Mellon Fellowship of Scholars in the Humanities
Department of History, Stanford University
The Texture of Empire: Botanic Gardens, Science, and Governance in the British Empire, Late 18th and Early 19th Centuries
J’Nese Williams works on the history of modern Britain, science, and empire. She received a PhD in history from Vanderbilt University and a BA in history from Princeton University. Before coming to Stanford, Williams was an Andrew W. Mellon Fellow at the Humanities Institute of the New York Botanical Garden and a Residential Fellow at the Linda Hall Library.
Project Summary:
Williams’ current project uses botanical gardens in the British colonies to explore imperial governance and the pursuit of science in the eighteenth and early nineteenth centuries.

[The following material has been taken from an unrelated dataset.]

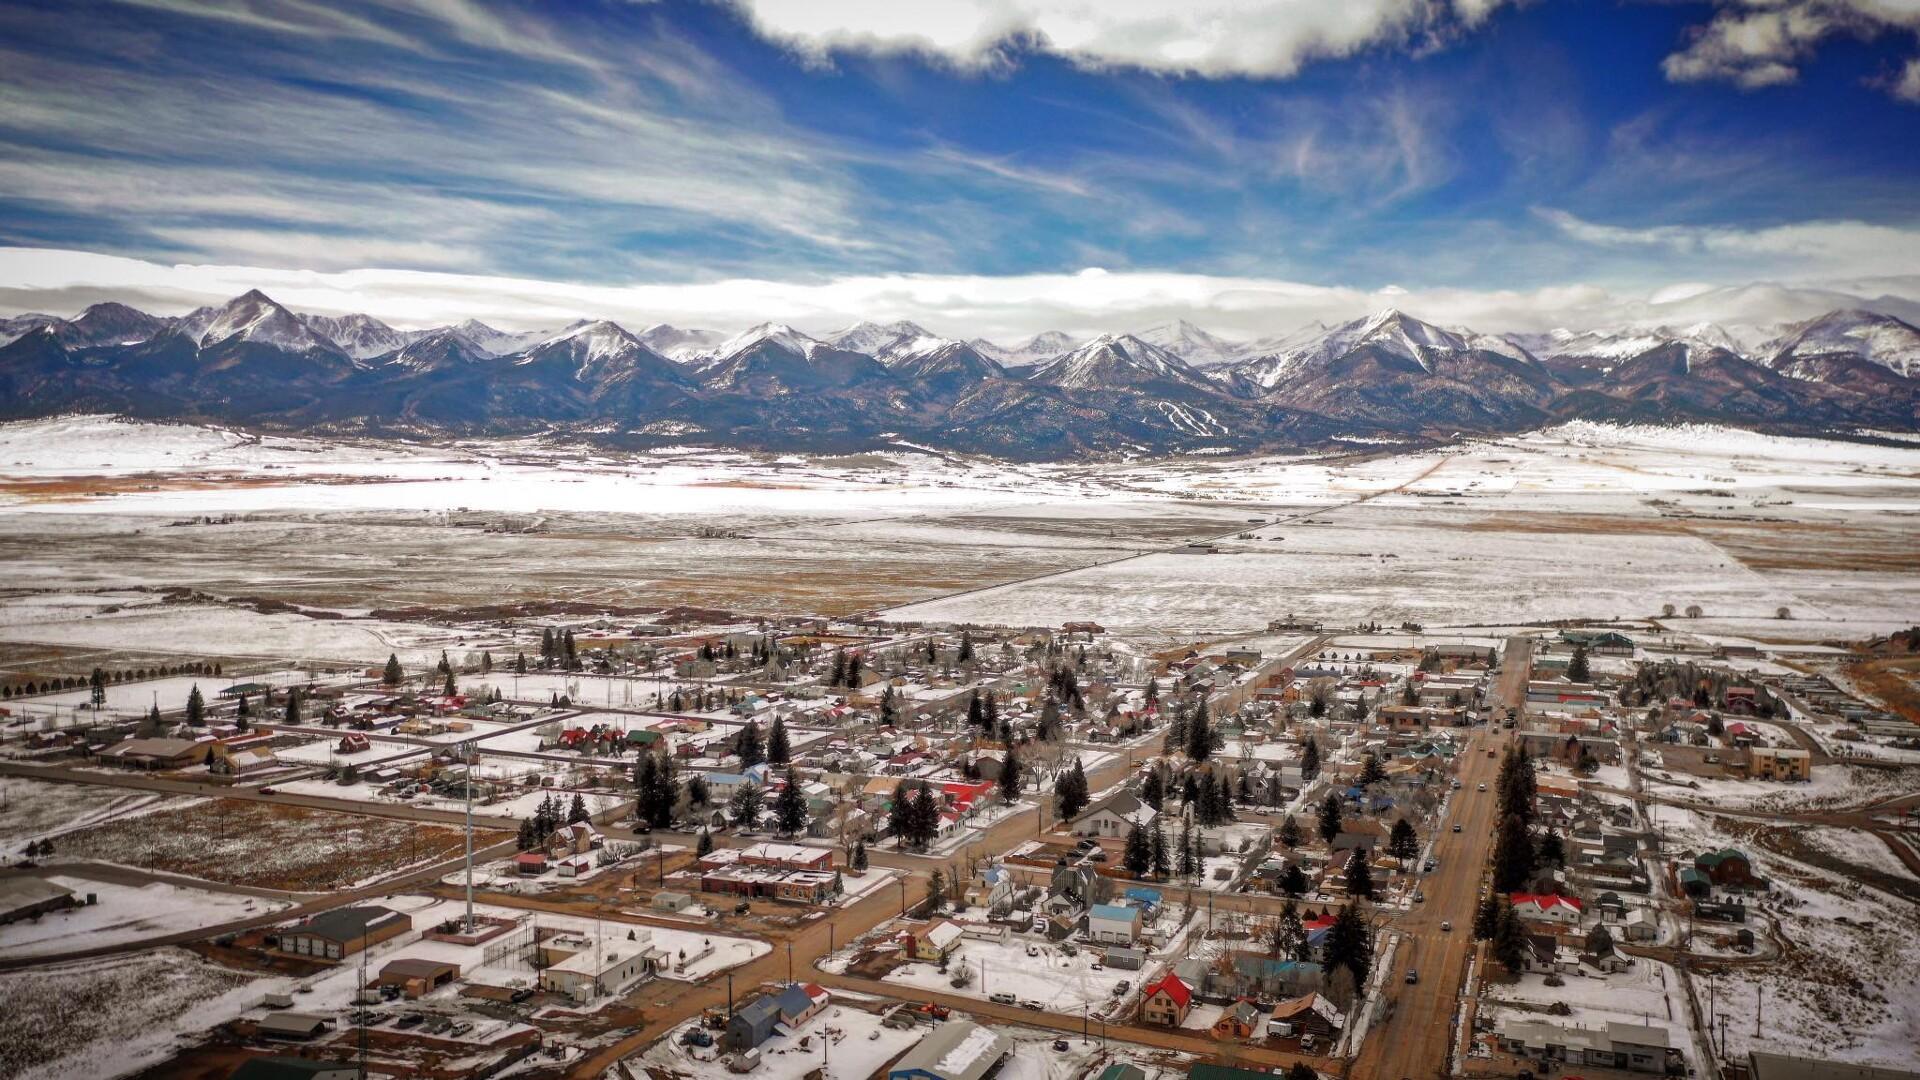 Westcliffe Colorado Michael Randol.jpg

By focusing on the colonial gardens and local actors, this work provides insight into the ways that class, race, and patronage shaped colonial administration and scientific work.

Stanford Humanities Center Dissertation Prize Fellow
Department of the History, Stanford University
A Most Bewitching Luxury: Opium, Economic Thought, and the Making of Britain's Free Trade Empire, 1773-1839
Matthew Wormer is a PhD candidate in British history at Stanford. His research explores the evolution of liberal capitalism in the context of the modern British Empire. He holds a BA in history from Fordham University and an MA in European studies from Yale University.
Project summary:
Matthew’s dissertation is a study of the British opium trade in South and East Asia from the late 18th century to the outbreak of the First Opium War in 1839. Combining East India Company records with hitherto unknown papers from Calcutta mercantile firms, it traces how shifting understandings of economic value reshaped struggles between state officials, private traders, and Indian laborers over the control and distribution of profits from the emerging global traffic in narcotic drugs.

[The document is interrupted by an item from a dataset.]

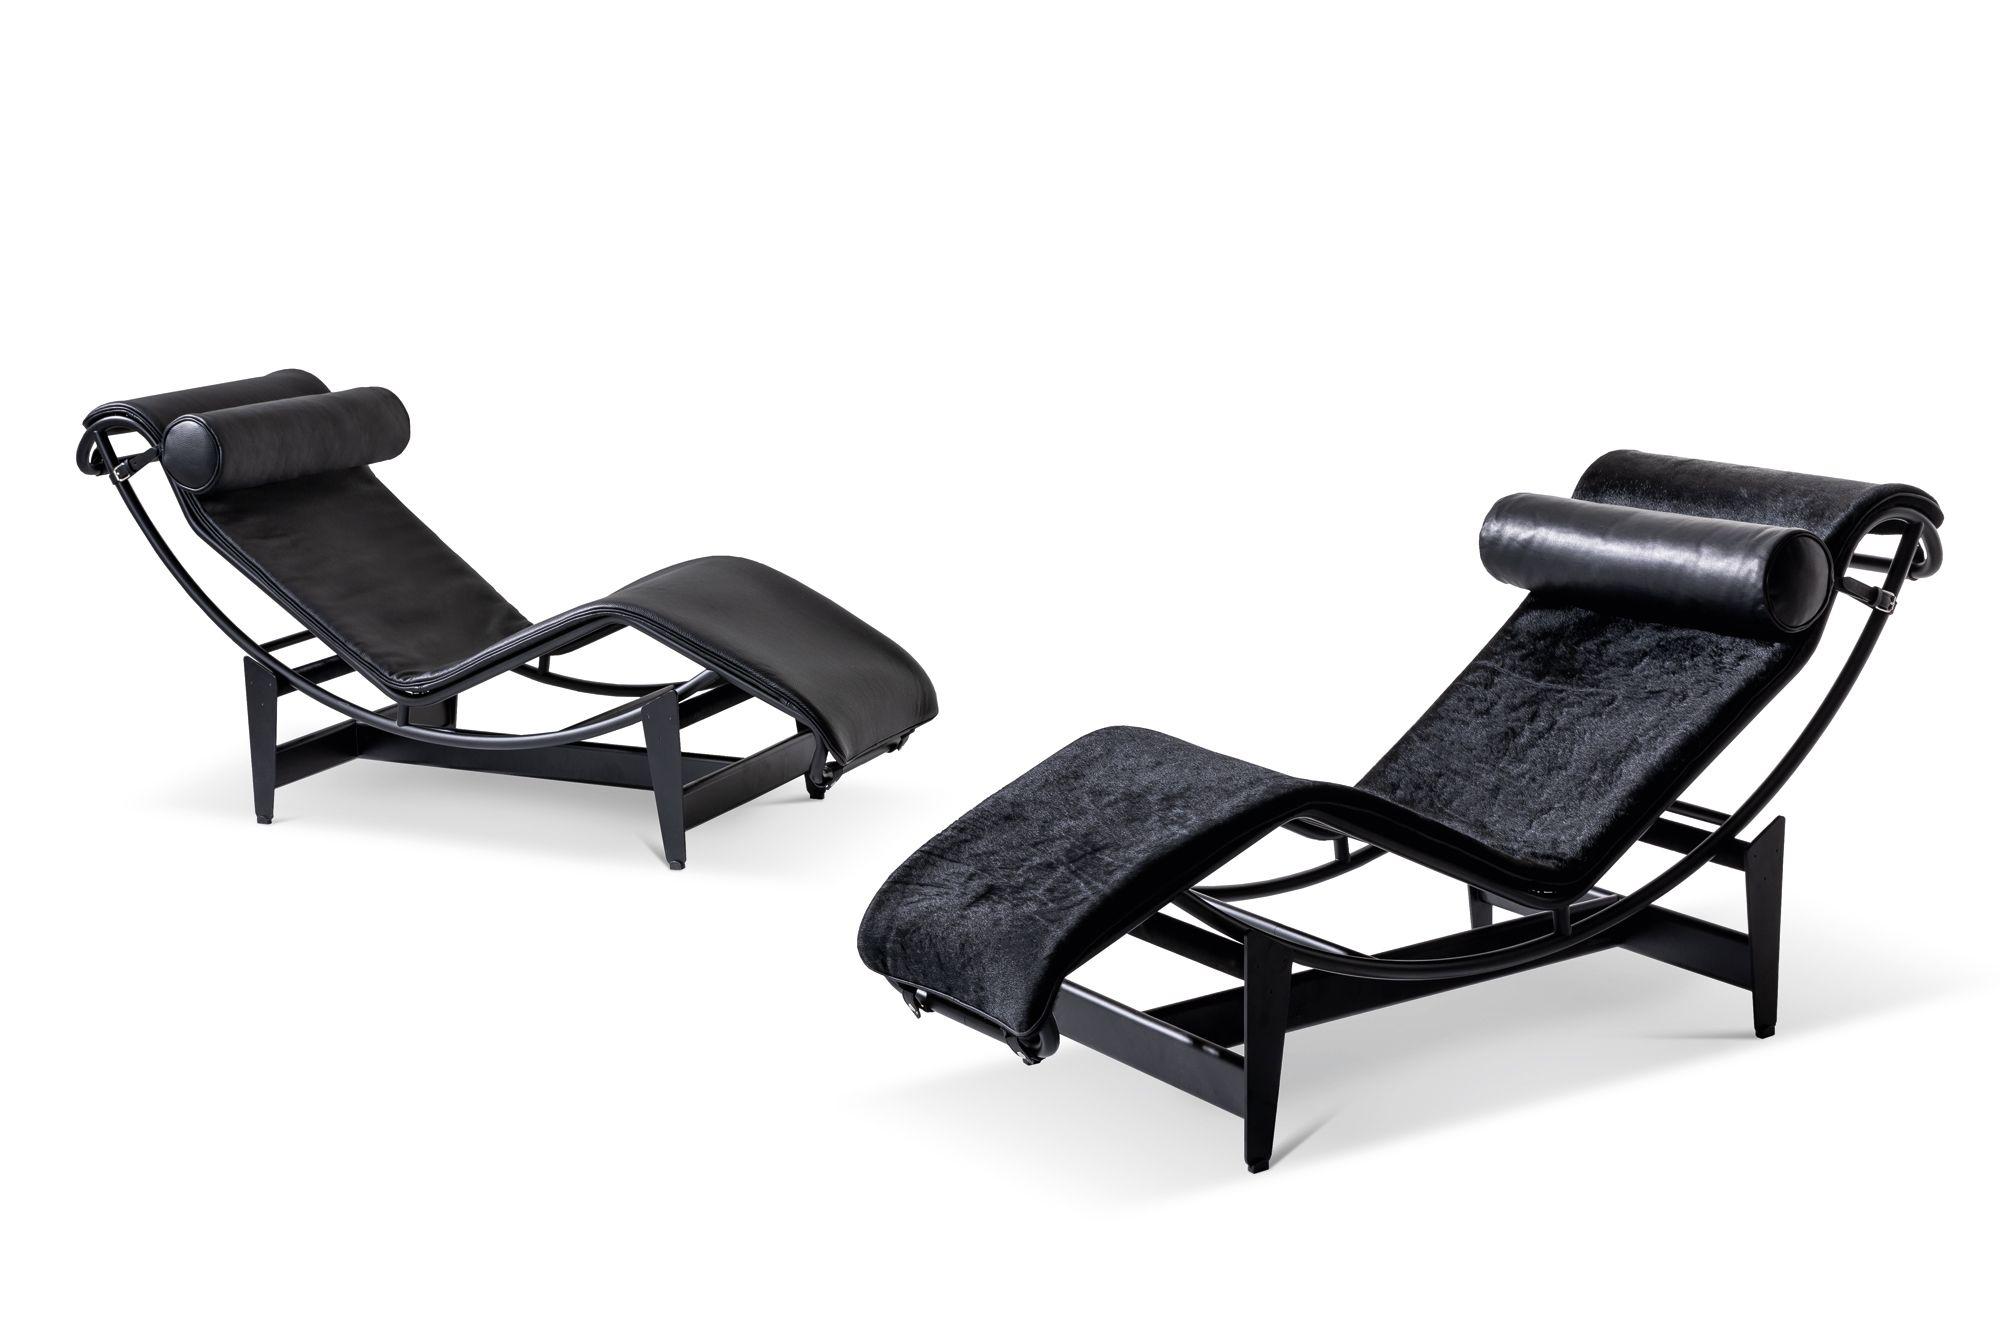 Die Lounge-Sitzmöbel LC4 zeichnen sich durch ein raffiniertes Design mit entspannter Ausstrahlung aus (Foto: Mit freundlicher Genehmigung von Cassina)

Mellon Fellowship of Scholars in the Humanities
Department of History, Stanford University
Framing Perception: Landscape Images and the Politics of Geographical Information in Syria and Lebanon (1900-1946)
Adrien Zakar received a PhD in history from Columbia University in 2018. His research and teaching interests are in the late Ottoman Empire, the modern Middle East, political, social and cultural histories, science and technology studies, war studies, and spatial history. He is currently developing his dissertation into a manuscript, titled Ottoman Geocracy: Territory, Society, and the Instruments of Empire (1850–1950)
Project Summary:
Ottoman Geocracy demonstrates how late imperial modes of governance and knowledge production were grounded in the materiality of cartography and geography. Drawing on extensive archival research in Ottoman, Turkish, Arabic, and French, it explores a neglected question in late Ottoman and modern Middle Eastern histories: how did maps and geographical books become part of everyday life beginning in the mid-nineteenth century? The global proliferation of maps, the book argues, generated various forms of cartographic reasoning, sustaining competing social and institutional structures in the late Ottoman world— including continental and colonial empires, missionary orders, reformist movements, and insurgent organizations. Tracing the roots and trajectories of struggles over mapping across disparate parts of the Ottoman world throughout the transition from empire to nation-states, it aims to offer a geopolitical thriller that expands our understanding of the relationship between technological instruments and the institutional, social, and cultural histories of the modern Middle East. Adrien's second book project, titled Suggestion and Ottoman Power centers on the transformation, roughly in the same period, of Ottoman therapeutics, pseudo-sciences, mesmerism, understandings of matter, and imperial ideologies.